What to produce —
Transcribe the listing underneath, keeping each word exact and omitting the images.

Collected data —
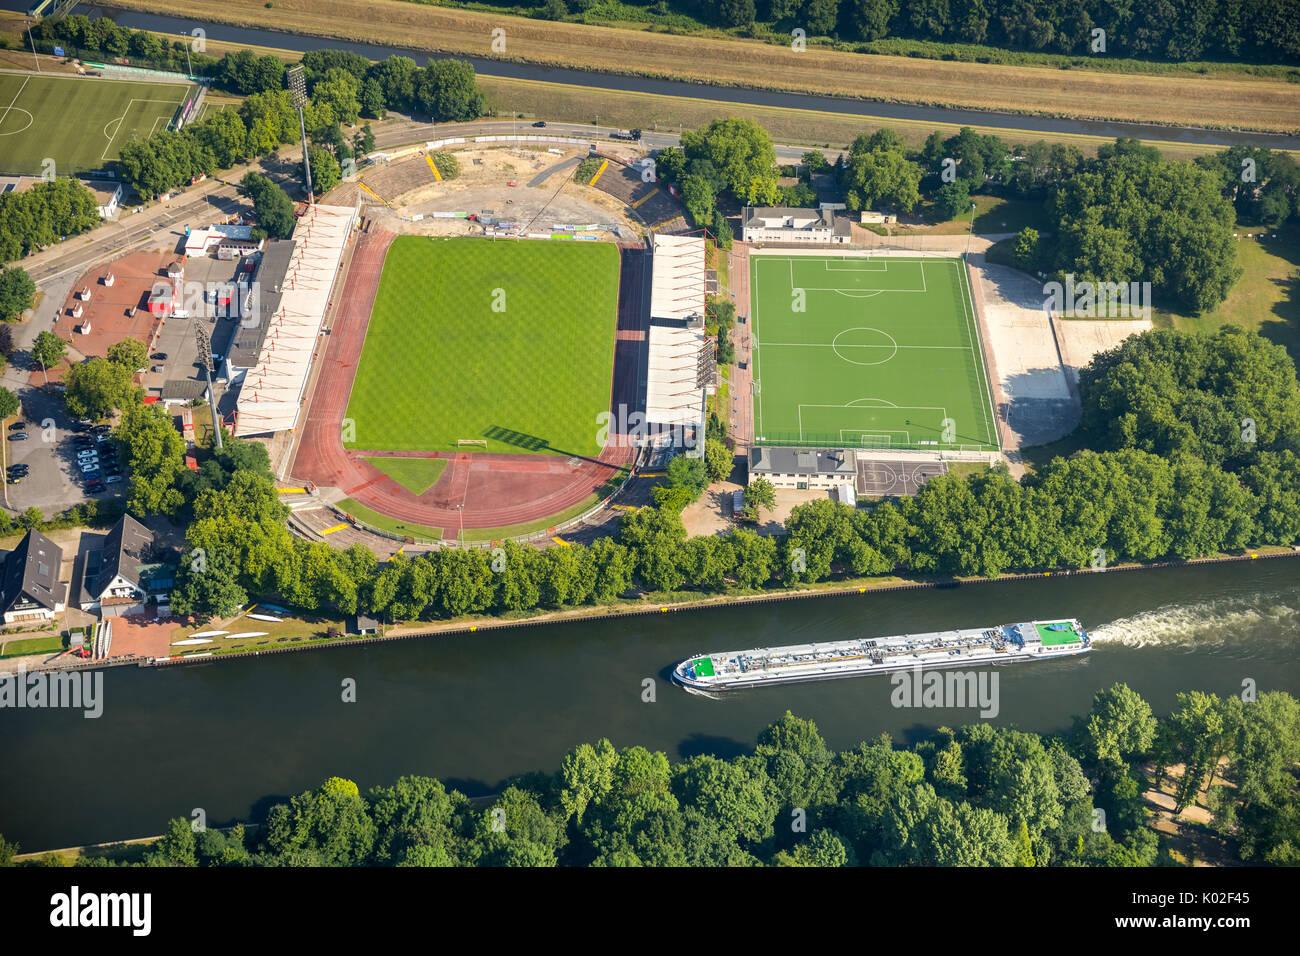 Stadion Niederrhein, new North Stand, sports and leisure facility SSB, Emscher area north of Stadiona, Oberhausen, Ruhr area, North Rhine-Westphalia,  - Stock Image
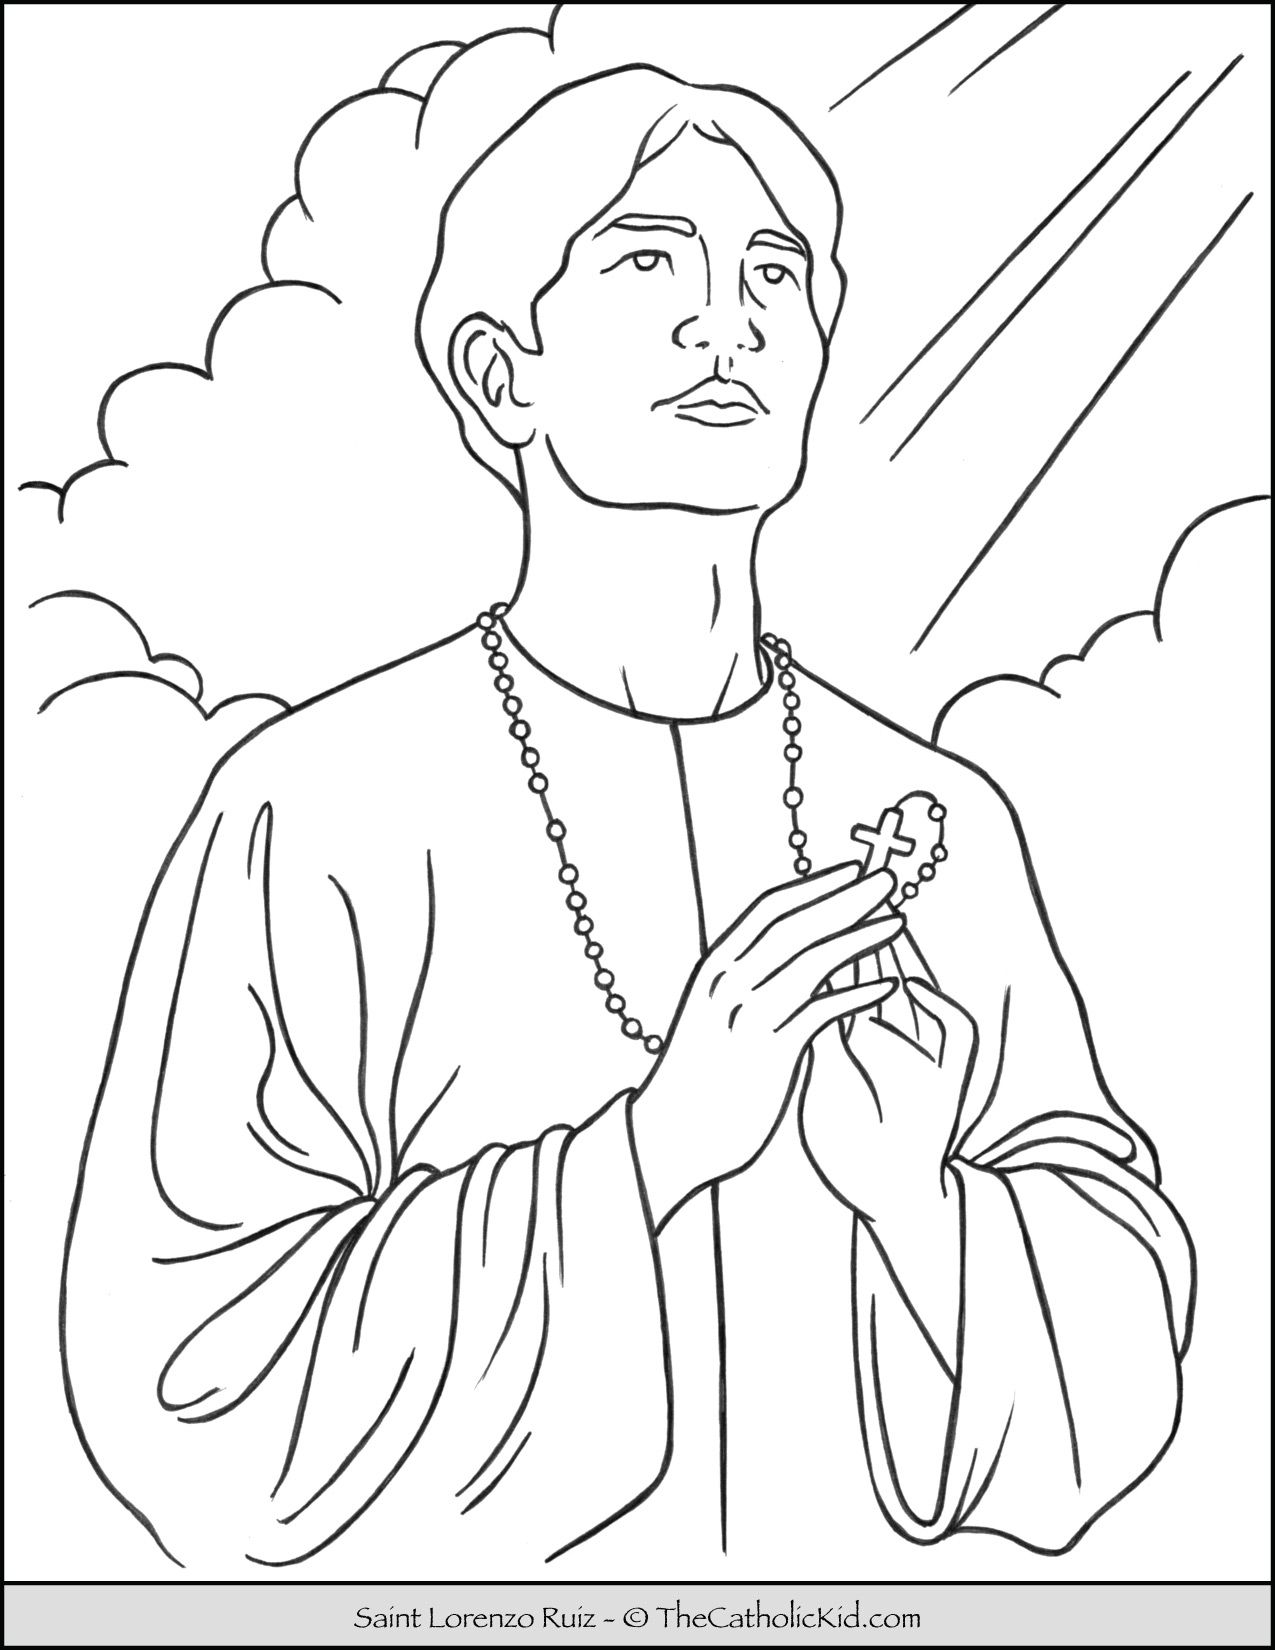 Saint Lorenzo Ruiz Coloring Page Coloring Pages Saint Lorenzo
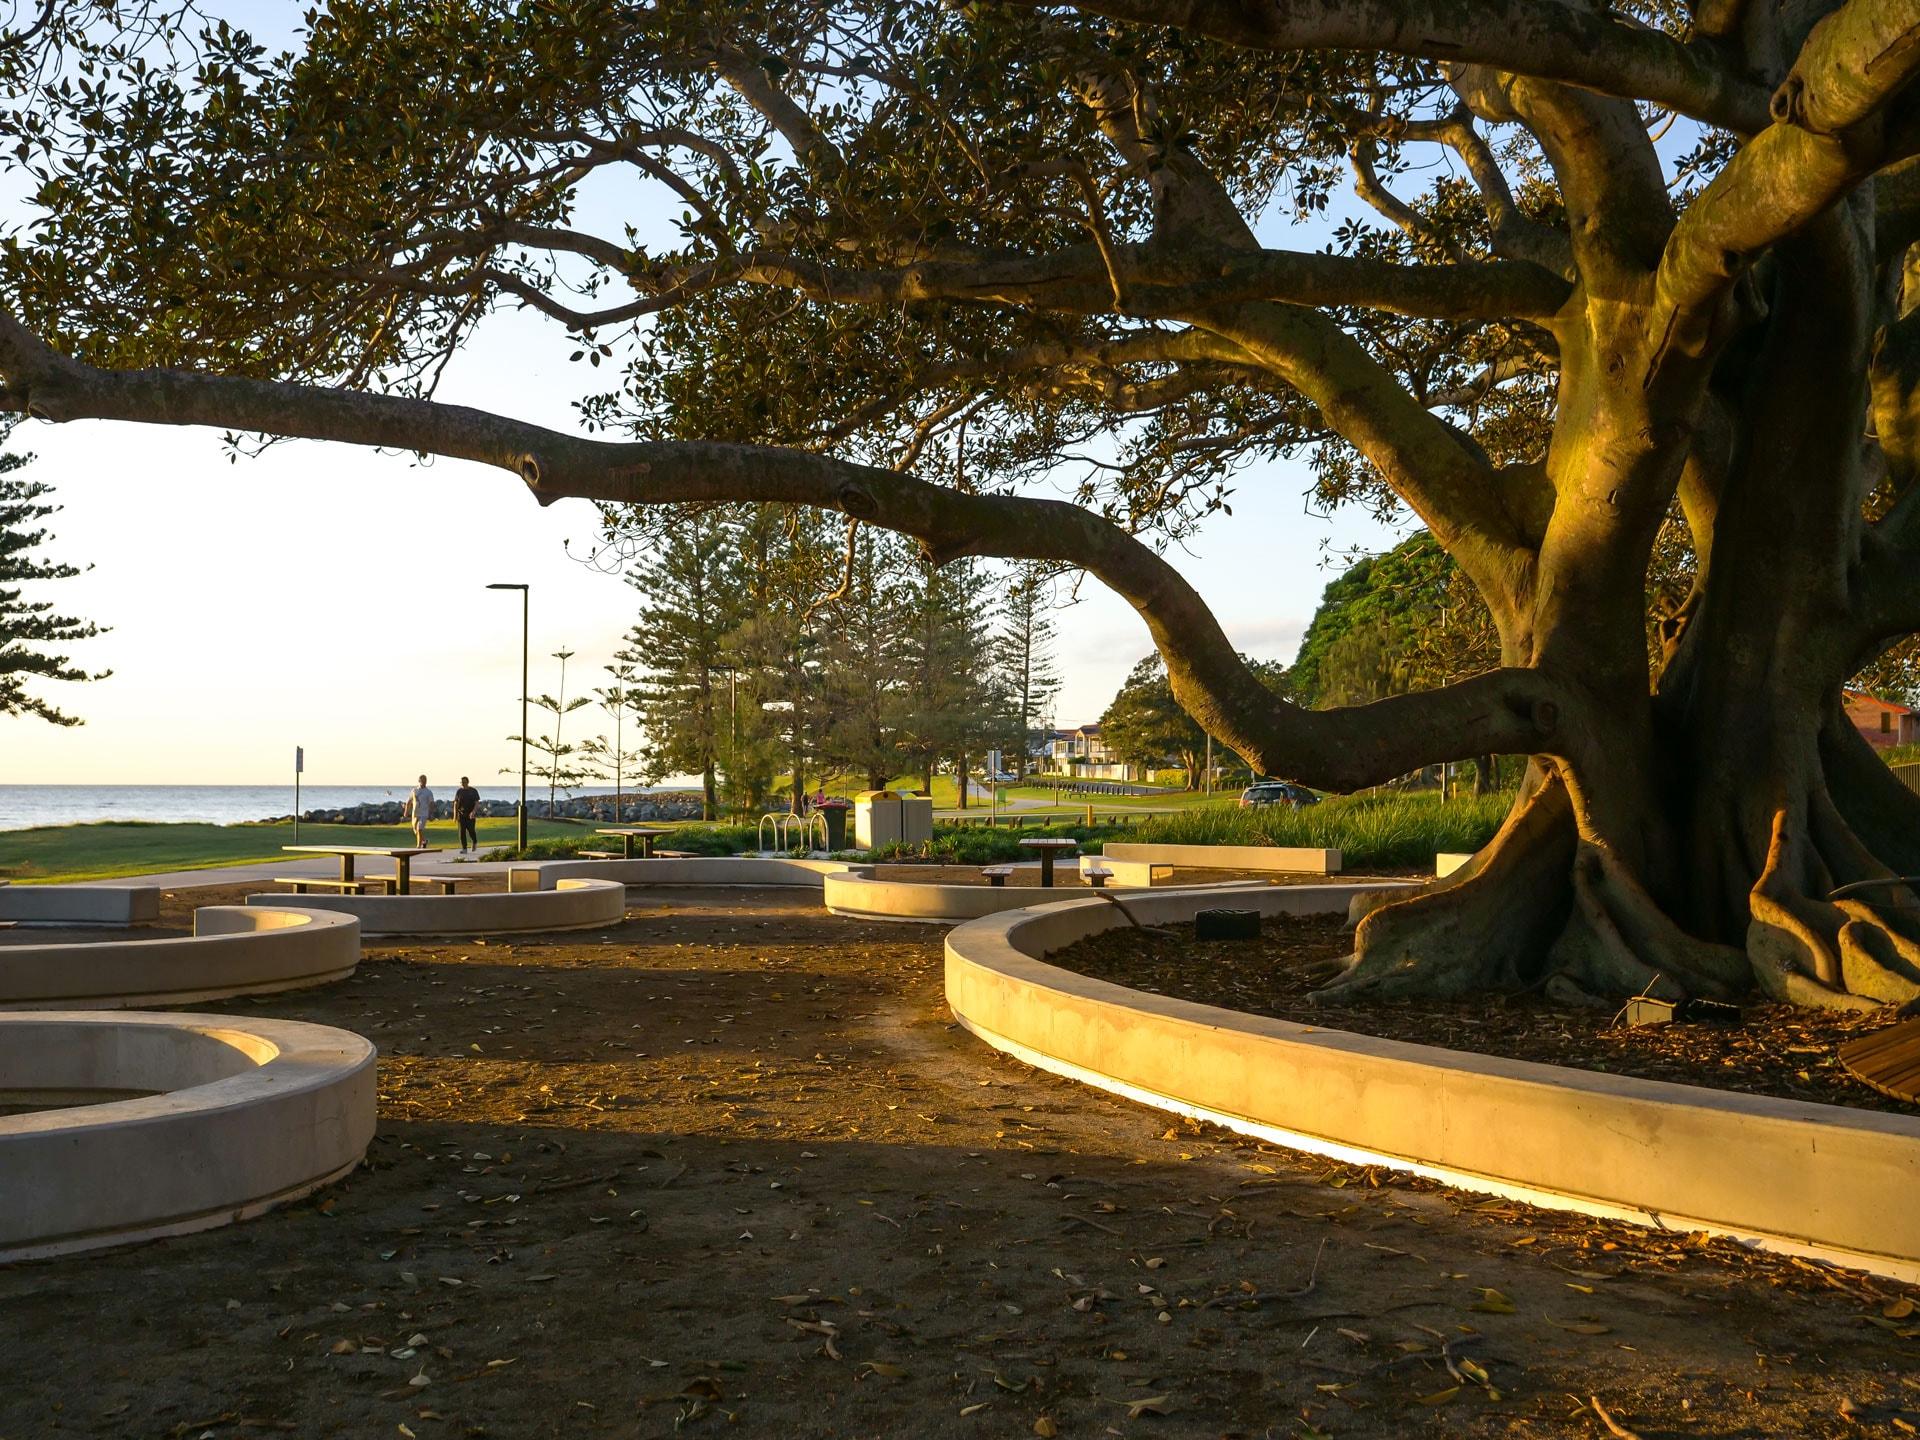 6.-Scarborough-Beach-Park-P1033809.jpg

Your solution —
 Stadion Niederrhein, new North Stand, sports and leisure facility SSB, Emscher area north of Stadiona, Oberhausen, Ruhr area, North Rhine-Westphalia,  - Stock Image
 Saint Lorenzo Ruiz Coloring Page Coloring Pages Saint Lorenzo
 6.-Scarborough-Beach-Park-P1033809.jpg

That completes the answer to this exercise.